Logo Questions Linux Laravel Mysql Ubuntu Git Menu
 

How to read data from numpy files in TensorFlow? [duplicate]

I have read the CNN Tutorial on the TensorFlow and I am trying to use the same model for my project. The problem is now in data reading. I have around 25000 images for training and around 5000 for testing and validation each. The files are in png format and I can read them and convert them into the numpy.ndarray.

The CNN example in the tutorials use a queue to fetch the records from the file list provided. I tried to create my own such binary file by reshaping my images into 1-D array and attaching a label value in the front of it. So my data looks like this

[[1,12,34,24,53,...,105,234,102],
 [12,112,43,24,52,...,115,244,98],
....
]

The single row of the above array is of length 22501 size where the first element is the label.

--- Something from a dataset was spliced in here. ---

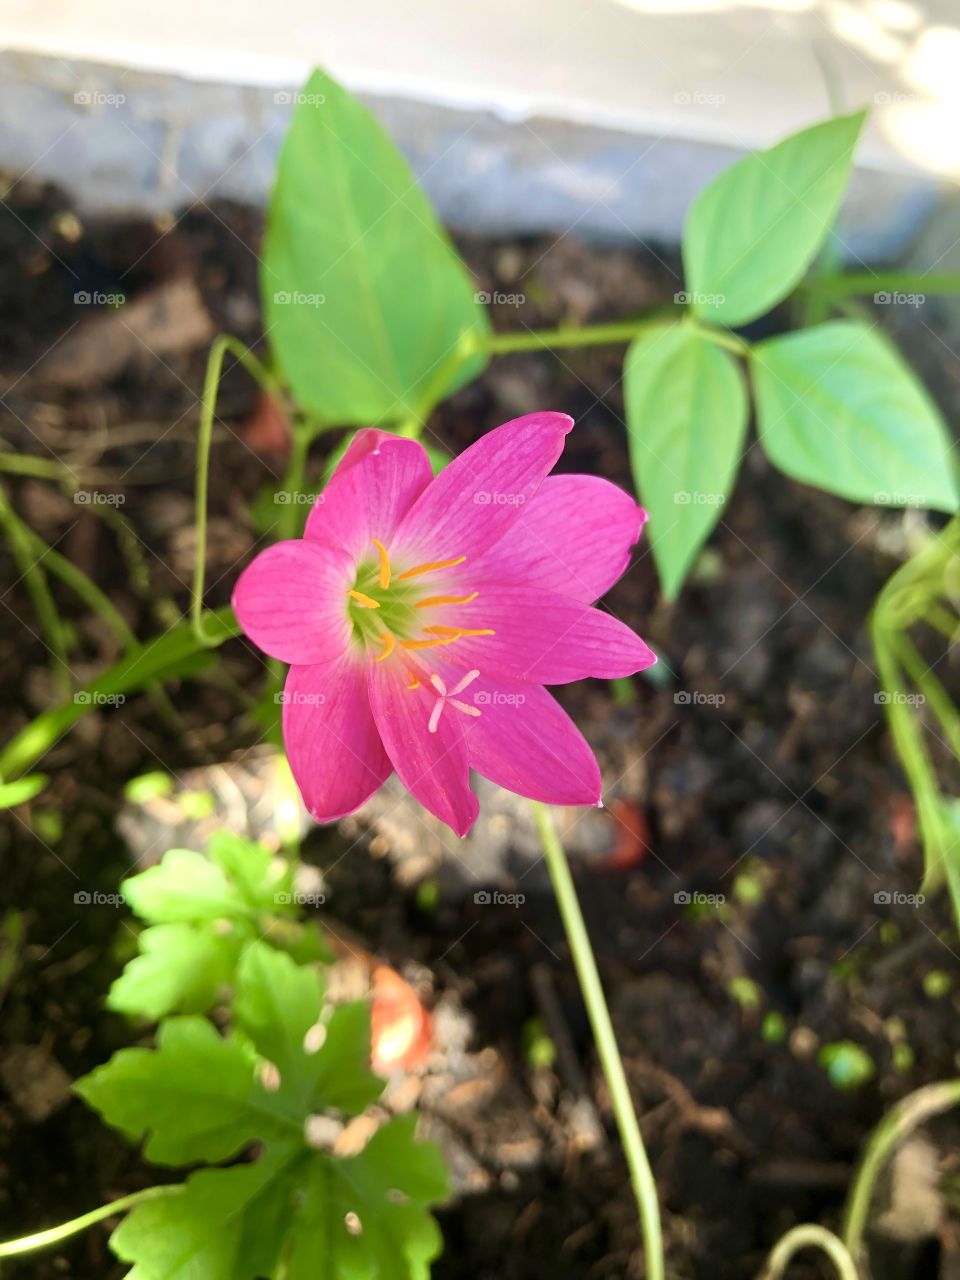 Flower # pink flower # blooming

I dumped the file to using pickle and the tried to read from the file using the tf.FixedLengthRecordReader to read from the file as demonstrated in example

I am doing the same things as given in the cifar10_input.py to read the binary file and putting them into the record object.

Now when I read from the files the labels and the image values are different. I can understand the reason for this to be that pickle dumps the extra information of braces and brackets also in the binary file and they change the fixed length record size.

The above example uses the filenames and pass it to a queue to fetch the files and then the queue to read a single record from the file.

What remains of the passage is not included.